Beaucoup de promesses sur les scènes

Quelques grands noms du panthéon théâtral et de nombreux trentenaires au talent cru : voilà de quoi remplir la deuxième moitié de saison qui, espérons-le, sera plus nourrissante que la première.


Étrange début de saison où les seules vraies émotions ont émané du solo de Vincent Dedienne, de deux des trois Fugues par le Ballet de l'Opéra, de la petite forme Udo de La Cordonnerie, du best of des Subs ou de La Cuisine d'Elvis à la Comédie de Saint-Étienne ; justement, son directeur Arnaud Meunier viendra bientôt avec son spectacle pour enfants Truckstop au TNG puis Je crois en un seul Dieu aux Célestins, où il retrouvera Stefano Massini après Chapitres de la chute.

La Meute est de retour

L'attaque en trombe de 2017, confiée à La Meute, devrait faire mentir cet automne morose : avec La Famille royale dès le 4 janvier au Toboggan (dont la directrice Sandrine Mini est poussée vers la sortie par sa municipalité) déjà, et dans la foulée aux Célestins qui ont l'intelligence de leur faire de nouveau confiance. Après Belgrade, la jeune troupe adapte le roman sulfureux et vigoureusement moderne de William T. Vollmann.

C'est ce même théâtre municipal qui affiche Louise Vignaud, tout récemment nommée directrice des Clochards Célestes (avec Tailleur pour dame), les déjà beaucoup-vus-mais-jamais-à-Lyon Réparer les vivants (forcément mieux que le film insipide), Nobody et les internationaux Simon Stone (Rocco et ses frères) et Ivo Van Hove, avec Vu du pont.

Moriarty, Balasko & co.

Autre lieu phare de cette suite de saison : la Croix-Rousse qui accueille le très rock Vanishing point de Marc Lainé et Moriarty, les québécois du NoShow qui intègrent le smartphone à la scène, le Werther déglingué du très rare par ici Nicolas Stemann et la première incursion de Josiane Balasko sur le terrain du drame dans La Femme rompue de Simone de Beauvoir et qui, à en croire les échos des Bouffes du Nord, a réussi sa mission.

Le TNG attaque lui aussi en fanfare avec ce bijou de théâtre immersif de vingt ans d'âge, Buchettino (lire en page 15), soit un appel à entrer dans un dortoir pour écouter une histoire, avant de se pencher sur les récits d'aujourd'hui avec le délicat Ce qui nous regarde et la question du voile par Myriam Marzouki ou la création de Joris Mathieu, Artefact qu interroge notre rapport aux objets.

De la violence des riches

Autres petites perles à dégotter ça et là : Place des héros au TNP avec une troupe lituanienne emmenée par le maître polonais Krystian Lupa qui revient, grâce au texte de Thomas Bernhard, sur ce jour de 1938 où Hitler fut acclamé après l'Anschluss.
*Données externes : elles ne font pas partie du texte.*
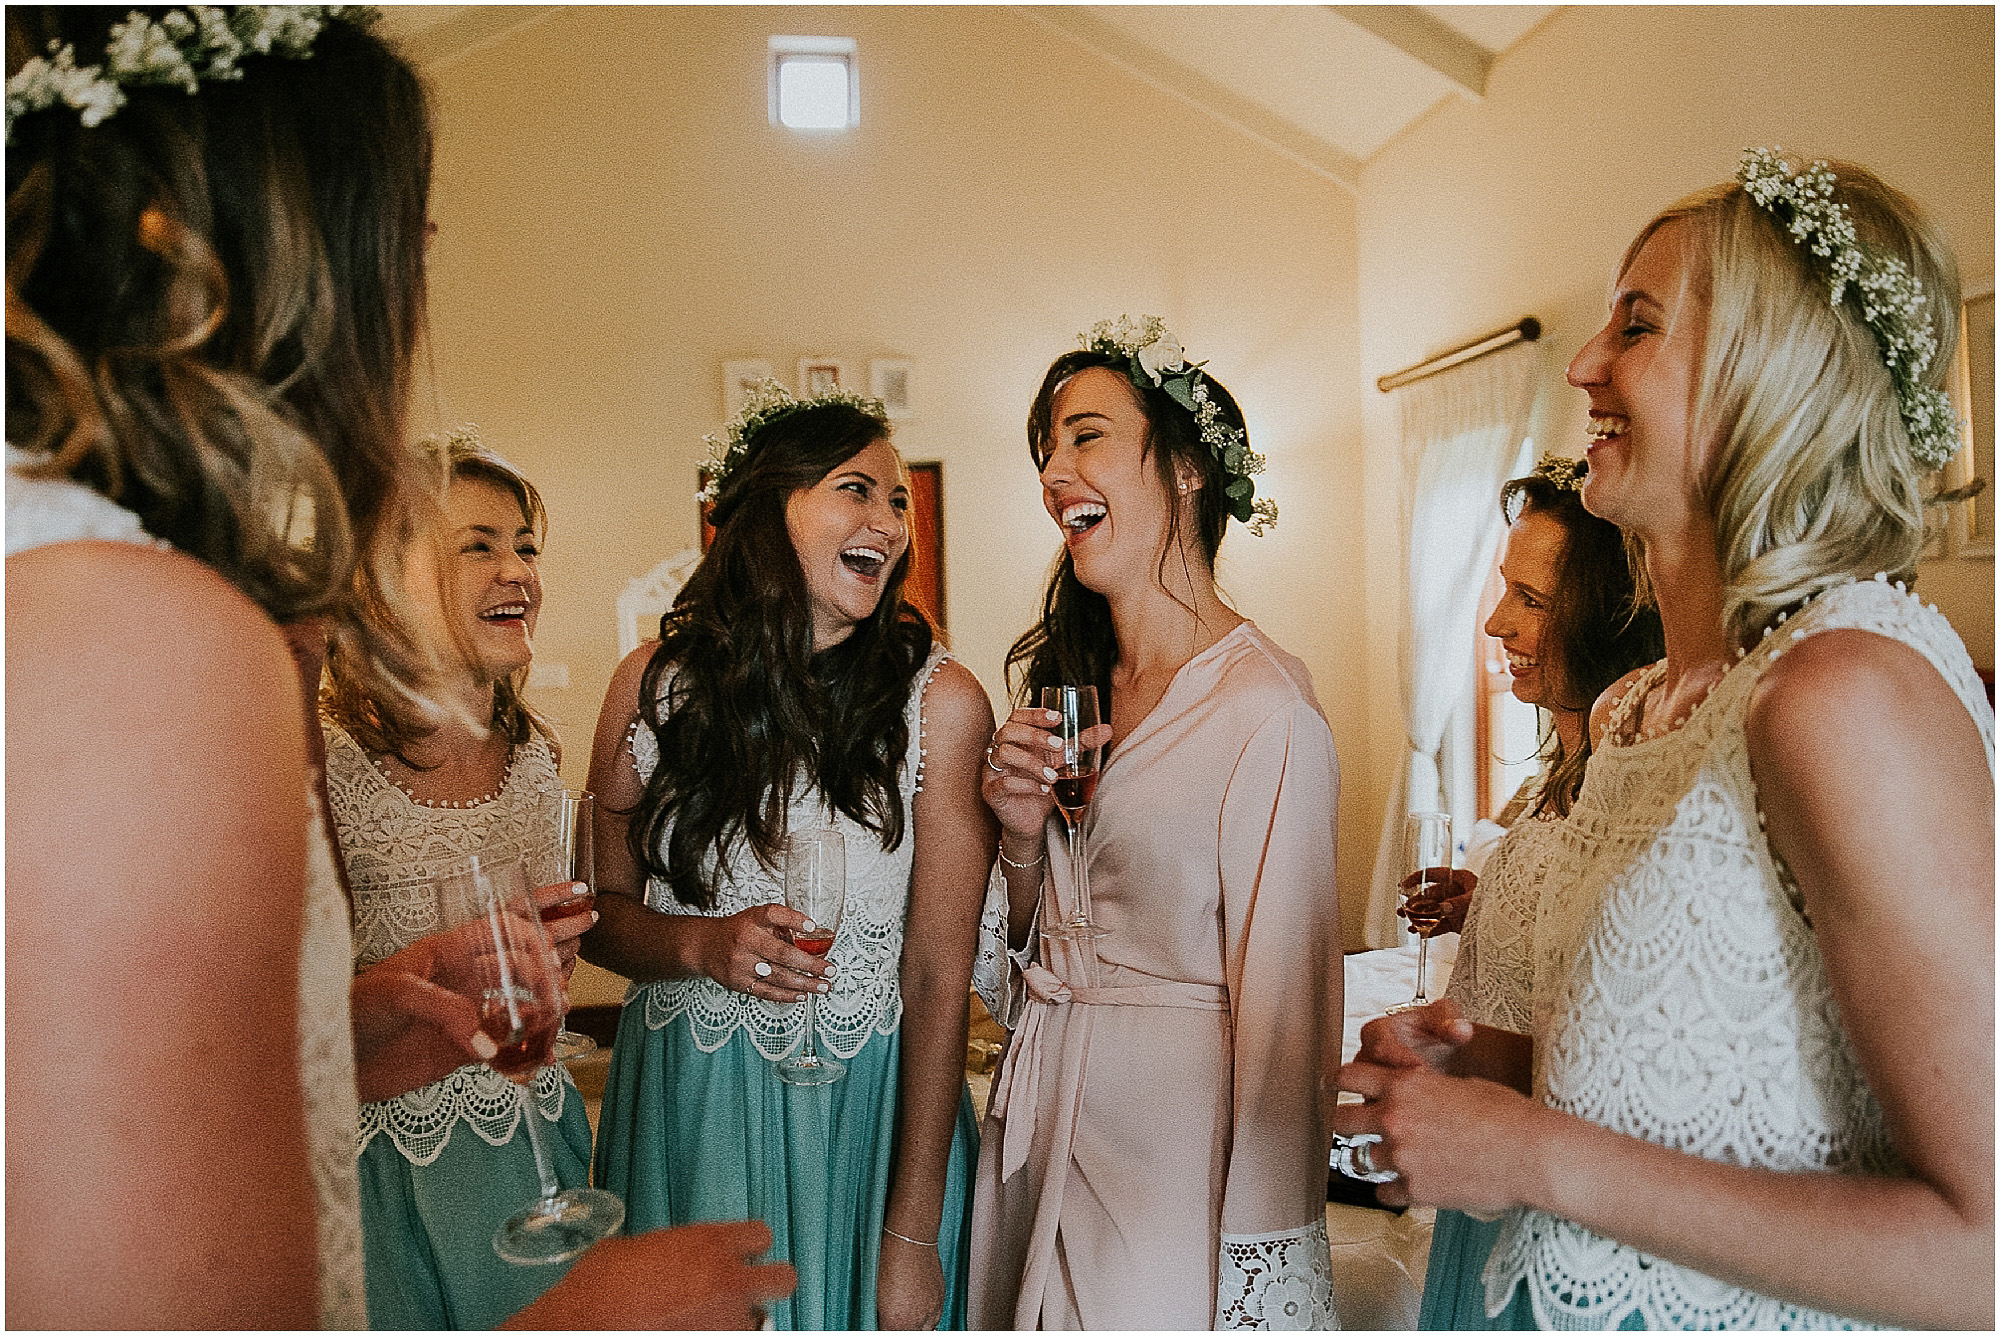 Outdoor-Forest-Destination-Wedding-Photographer-Maryke-Albertyn-Photography-Looks-Like-Film-Authentic-Alternative-Cape-Town-Pretoria-Silver-Sixpence-Dullstroom-Bridesmaids-Flower-Crown

Les artistes se souviennent autant qu'ils imprègnent leur travail de ce qui fait la cruauté de notre époque, qui pourrait bien s'assombrir en quatre week-ends électoraux. Alors, sans tomber dans le "théâtre qui dénonce", les Pinçon-Charlot sont conviés au Théâtre de l'Élysée avec la farce La Violence des riches via Guillaume Bailliart (qui, par ailleurs, présente son épopée de Merlin), et Ferdinand Brückner est rappelé pour une Maladie de la jeunesse prometteuse à la Renaissance.

Aux Nuits de Fourvière, Les Chiens de Navarre

Gwenaël Morin achèvera son mandat avec les classiques, avec Andromaque pour commencer, et Les Chiens de Navarre, pertinents quand ils ne se caricaturent pas, signeront leur prochaine création aux Nuits de Fourvière sur la scène de l'Odéon. Enfin, puisque la Métropole n'est pas tout, le théâtre de Villefranche nous offre le seul passage de Thomas Ostermeier dans nos contrées pour sa dernière création en date, la deuxième en langue française, avec sa somptueuse Mouette secouée par la Syrie et Bowie, lui qui règne sur Berlin et la Schaubühne à quelques encablures à peine de cette église du souvenir visée par les terroristes la veille de Noël. Sur toutes ces terres souillées, pousse encore un théâtre d'une vitalité nécessaire et galvanisante. C'est heureux.